- What needs to be done:
Only an exact repetition of the lines from the one holding "6-step Checklist to" to the end of the data is wanted, with pictures left out.

- Dataset section:
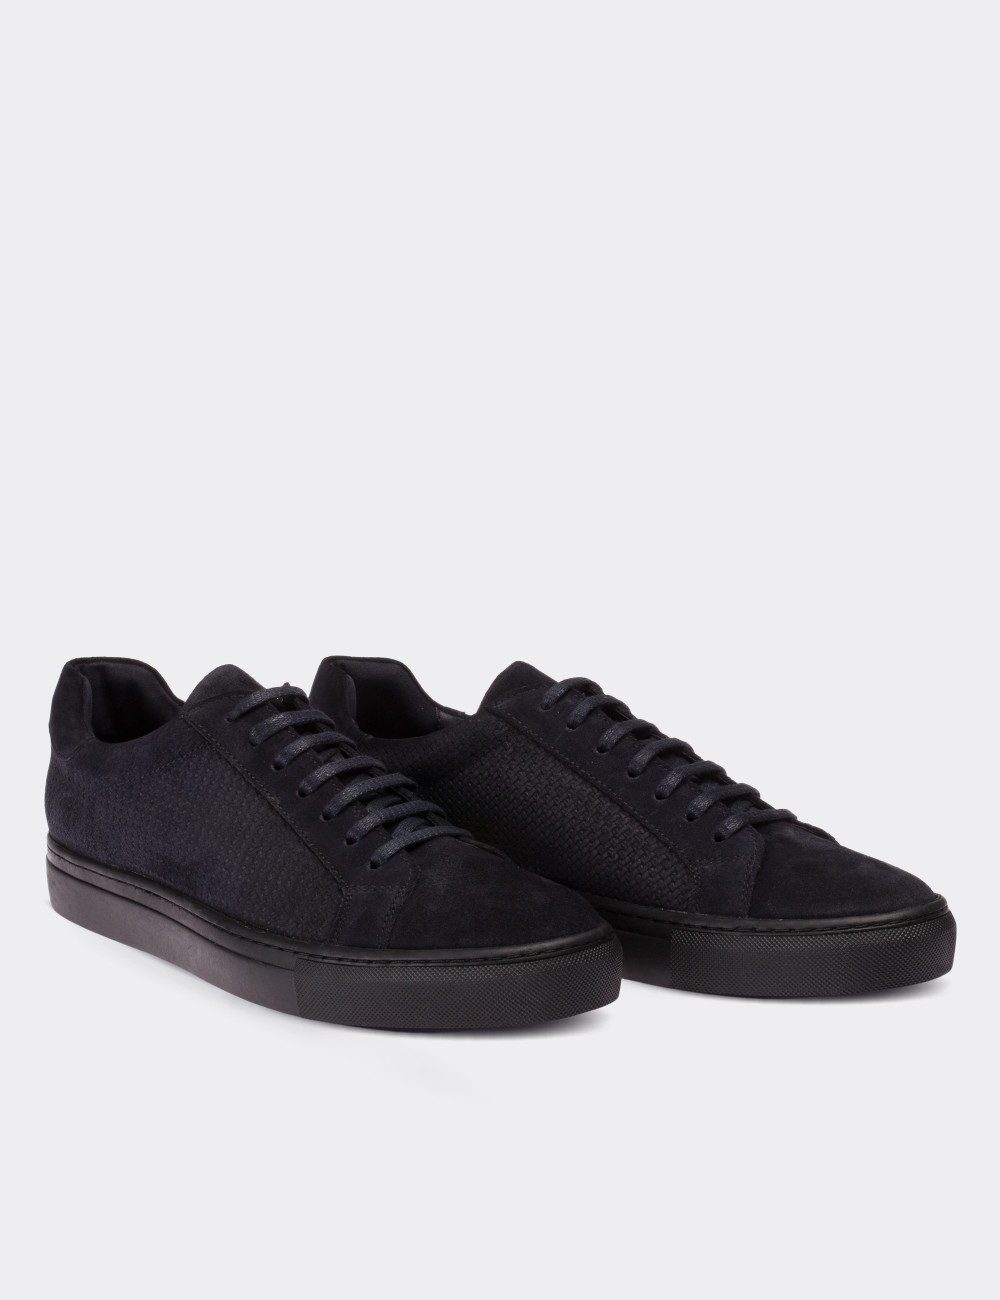 Navy Suede Leather Sneakers - 01681MLCVC02
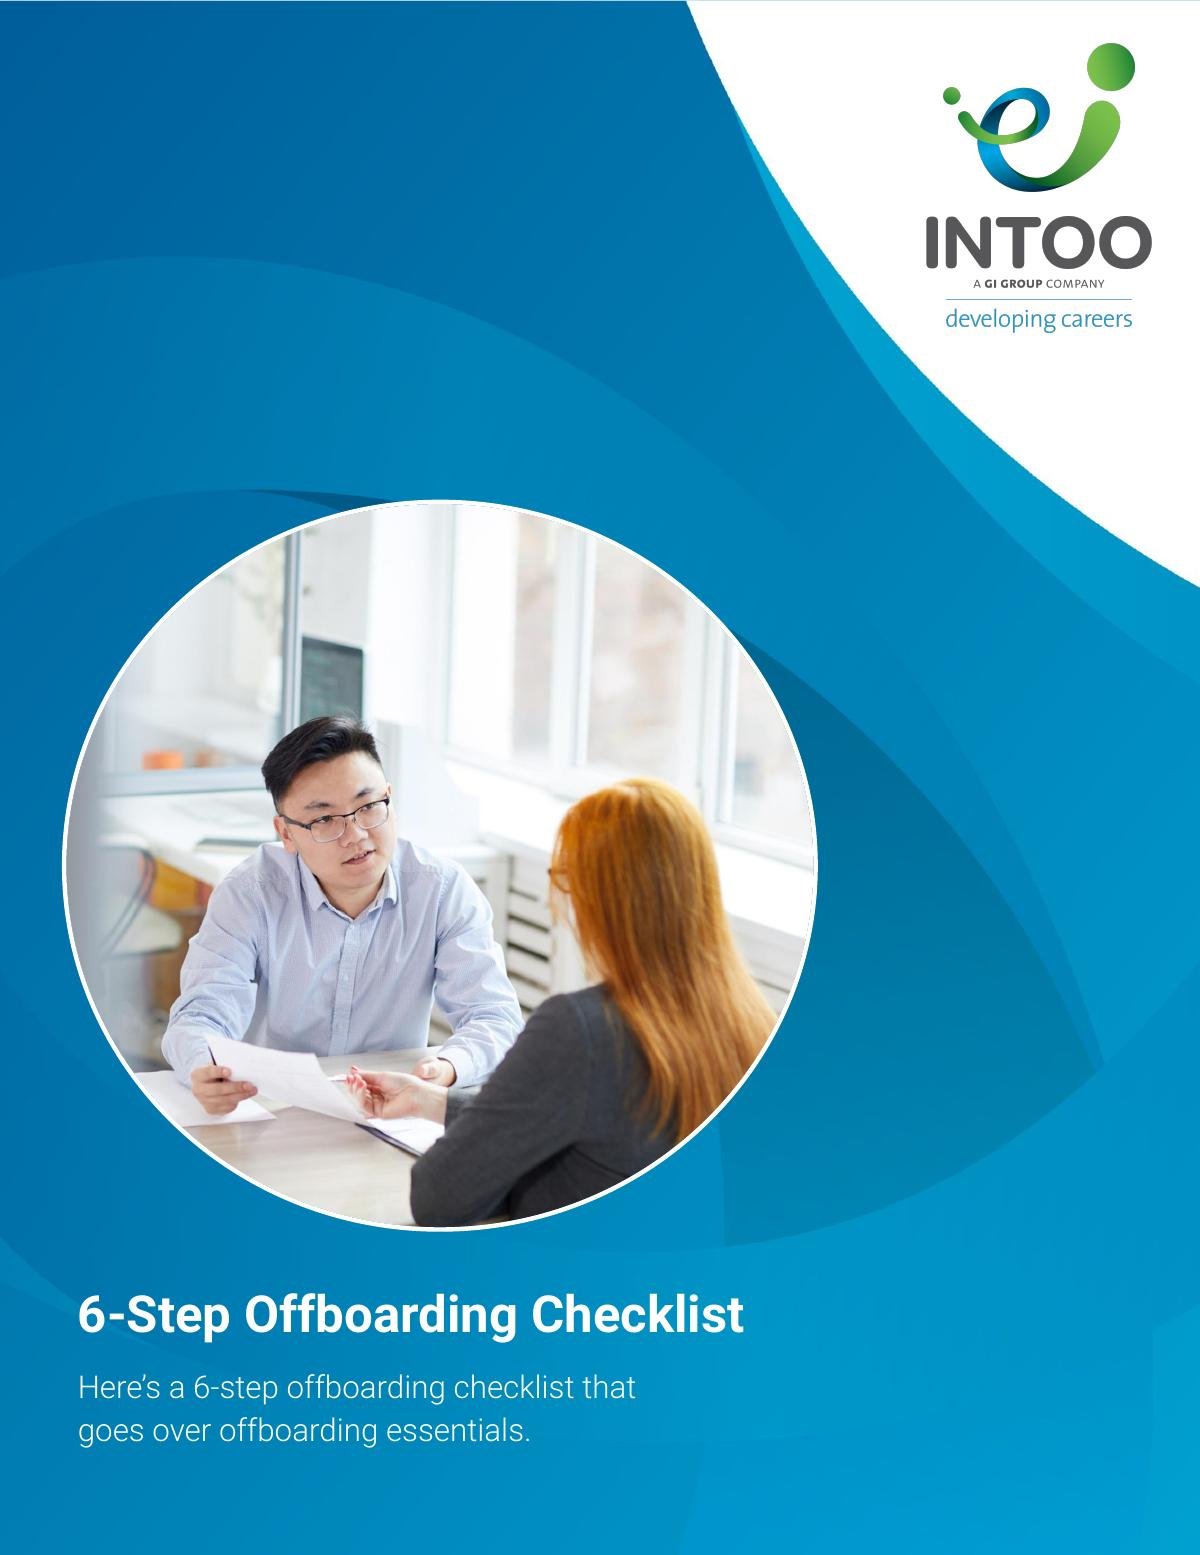  6-step Checklist to Build a Successful Offboarding Process
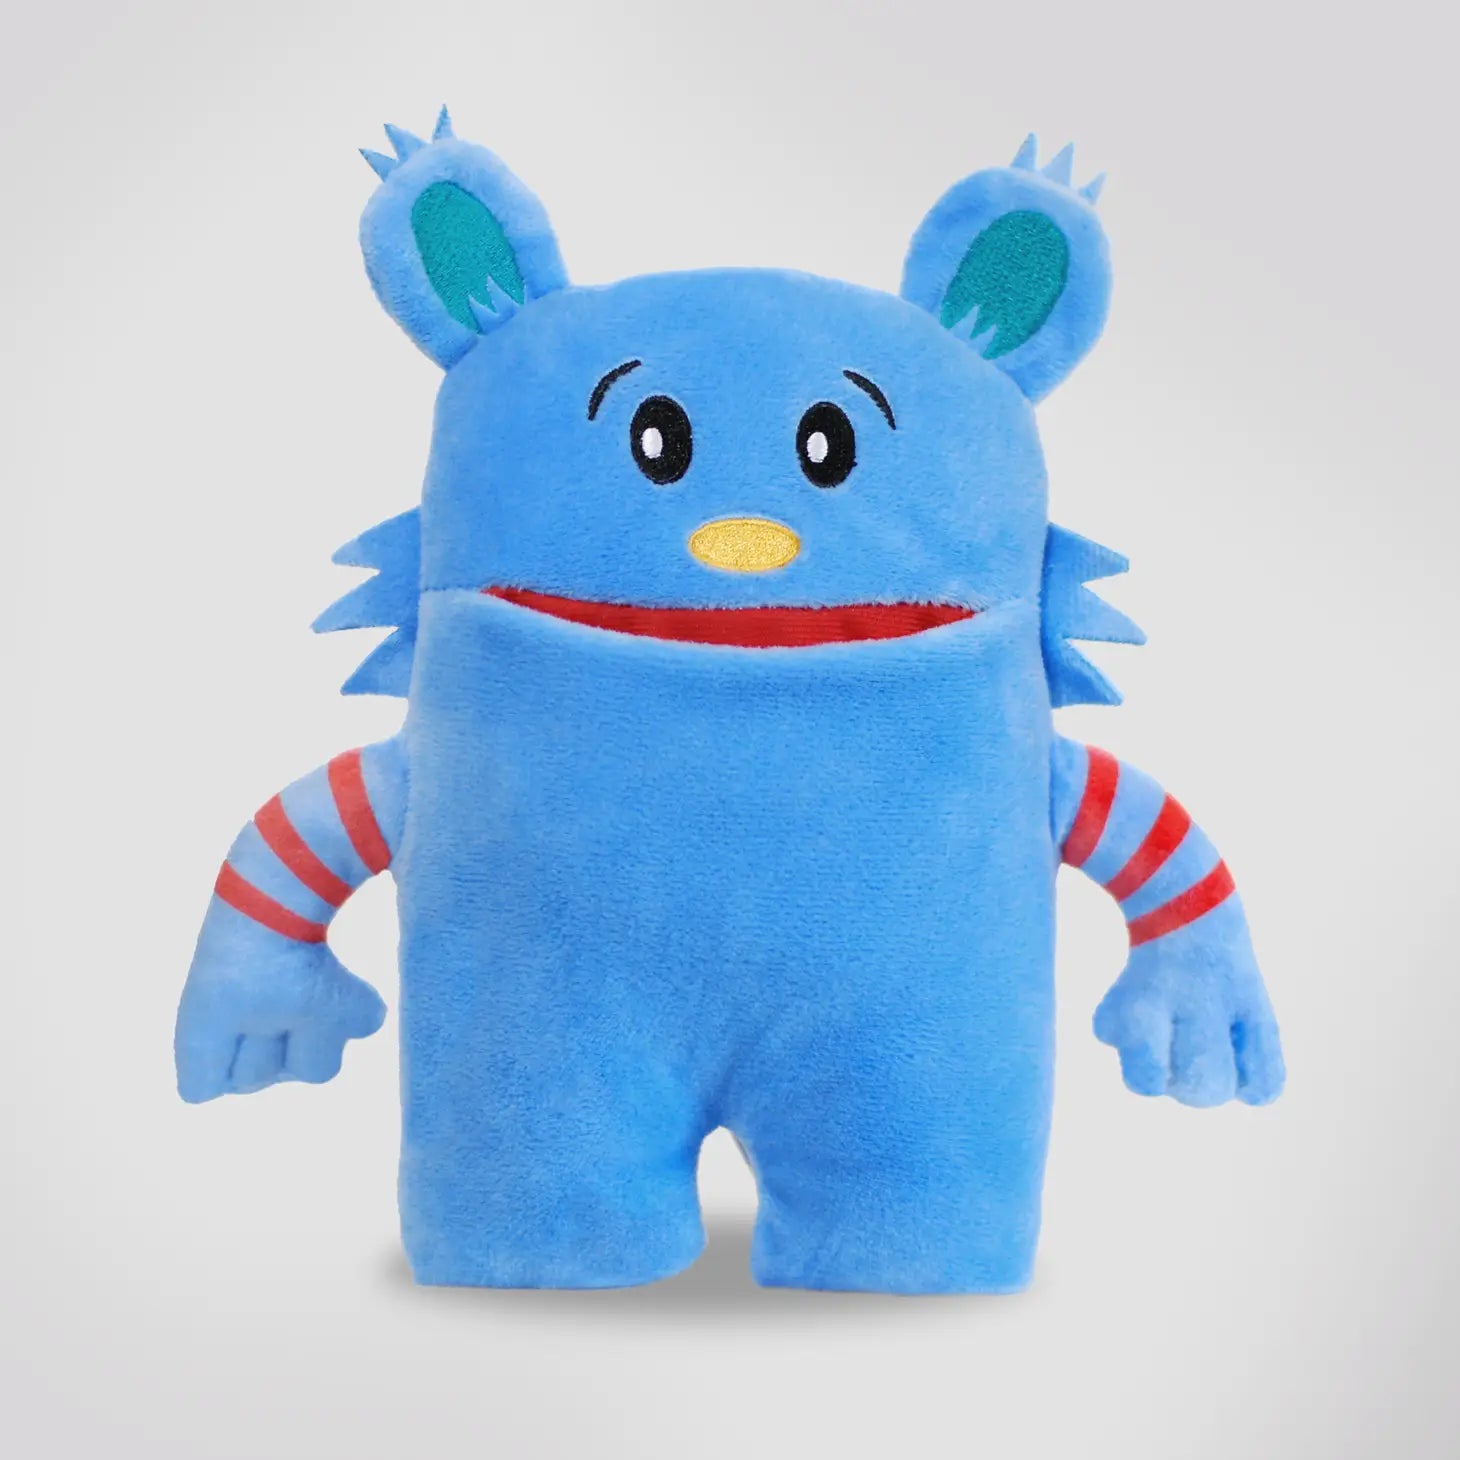 Blue the Friendly Monster Tooth Pillow
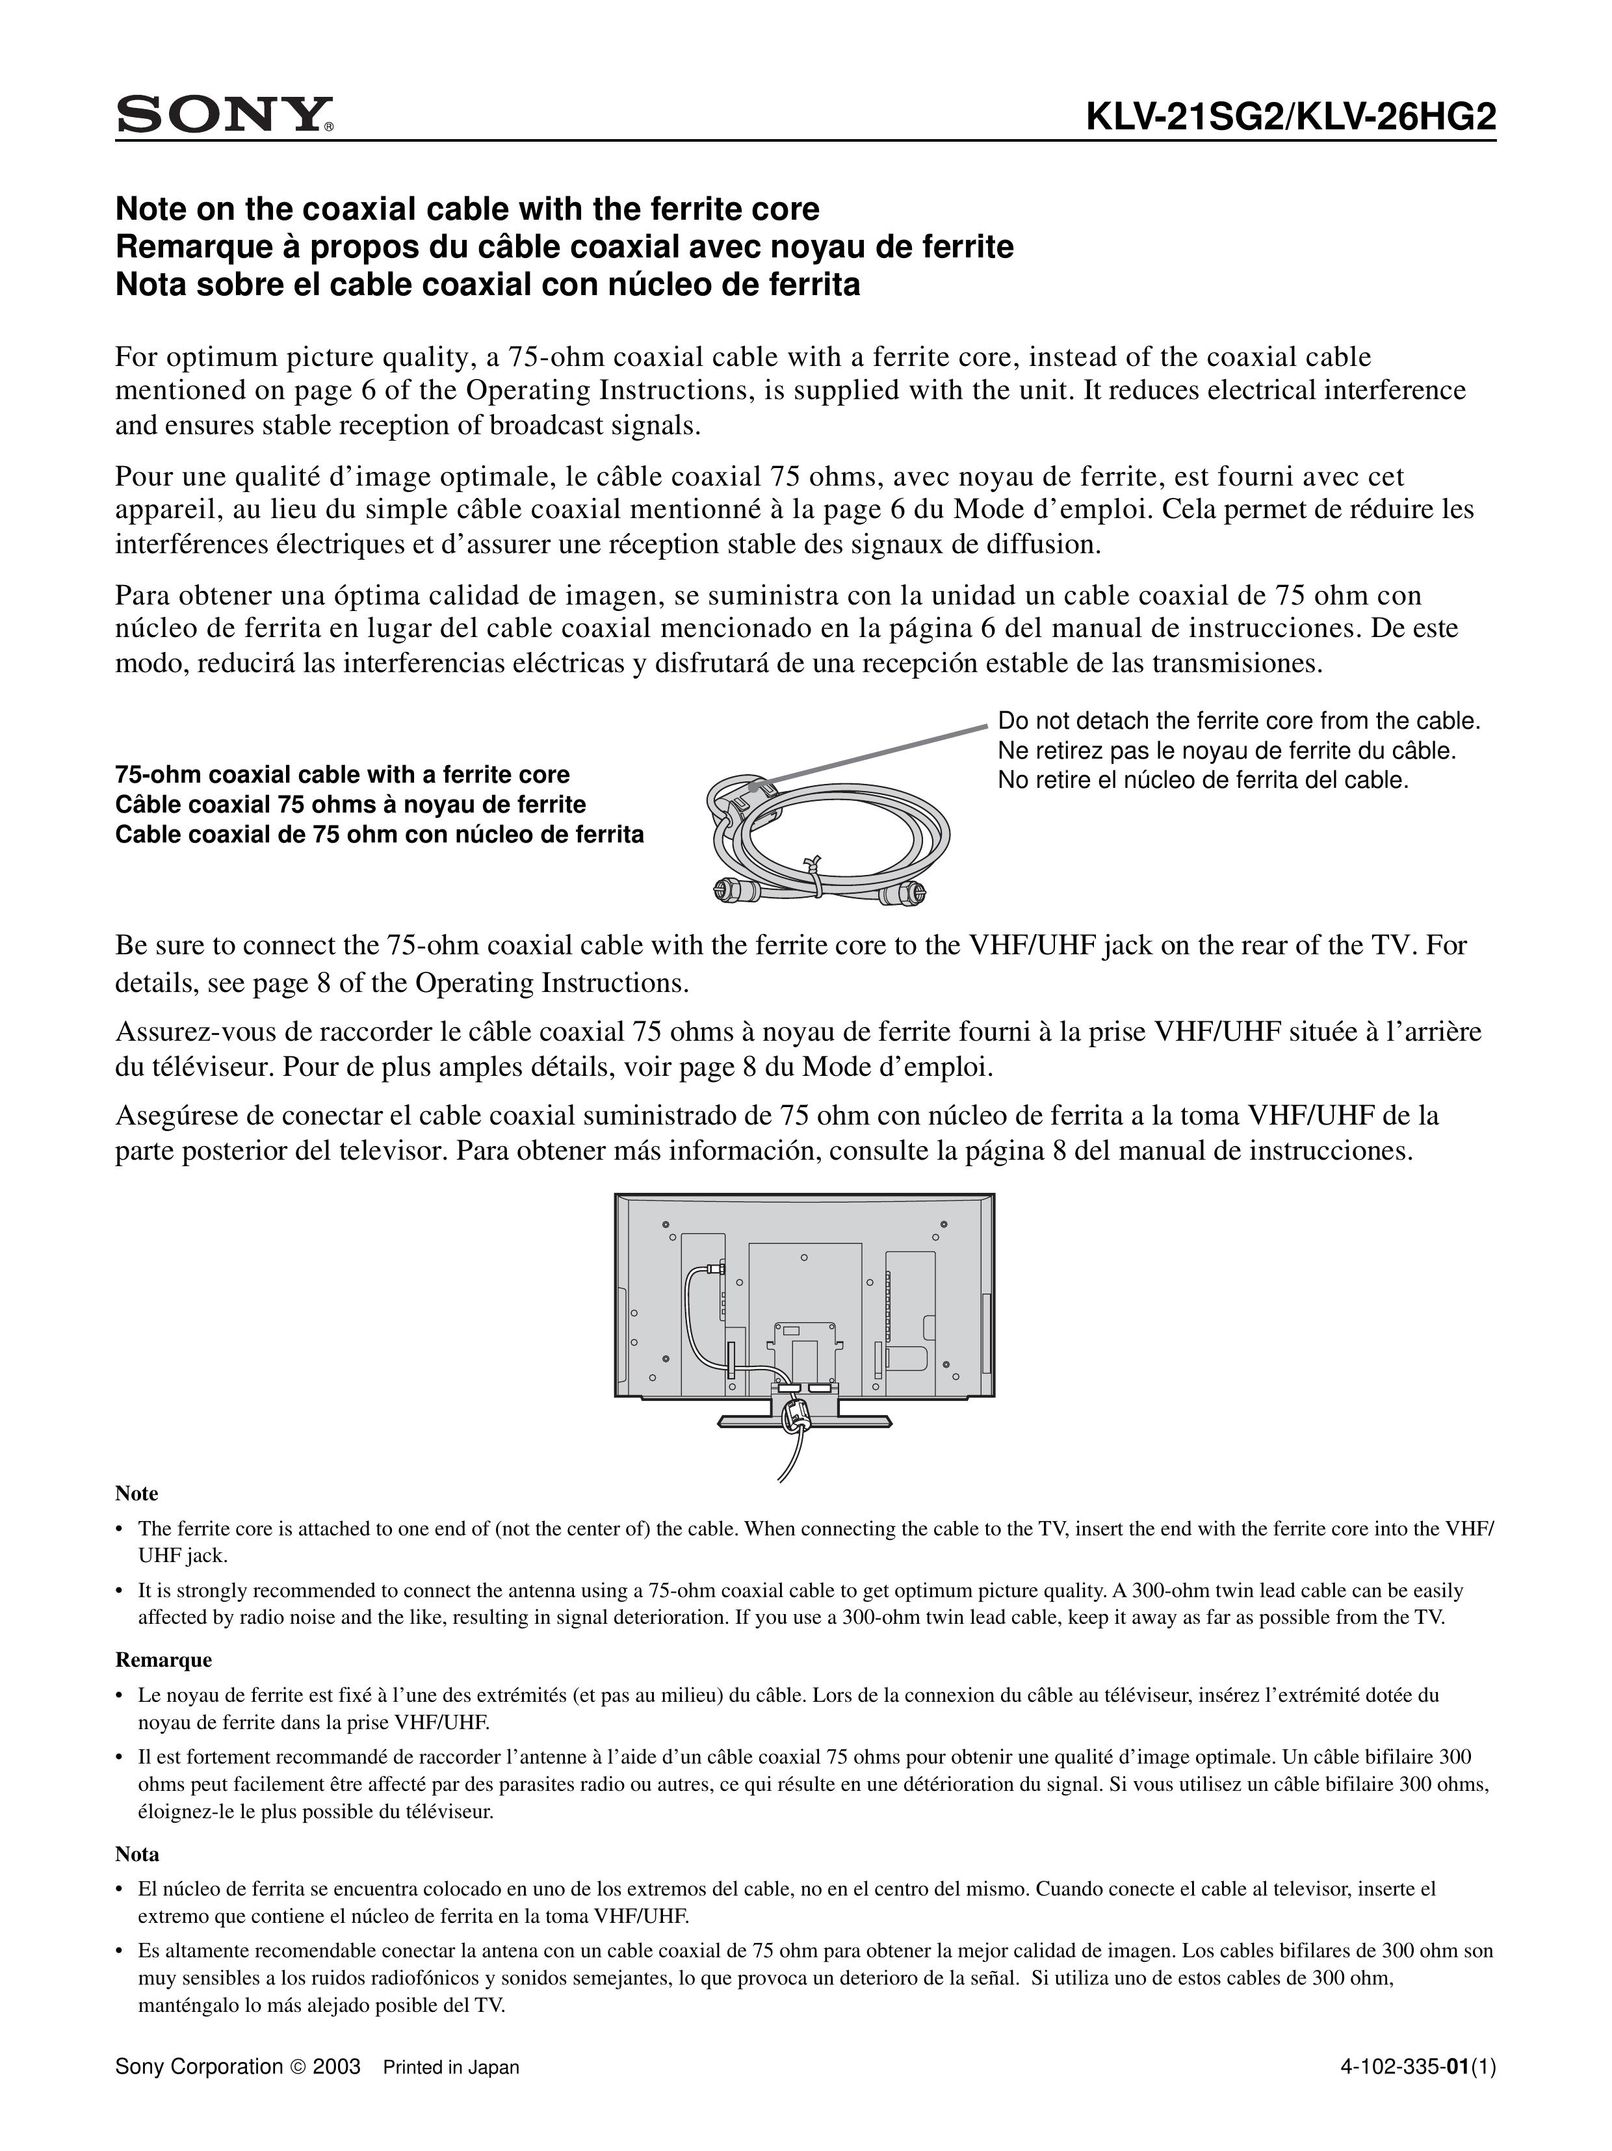 Sony KLV-21SG2 TV Cables User Manual

- Result for this task:
  6-step Checklist to Build a Successful Offboarding Process
 Blue the Friendly Monster Tooth Pillow
 Sony KLV-21SG2 TV Cables User Manual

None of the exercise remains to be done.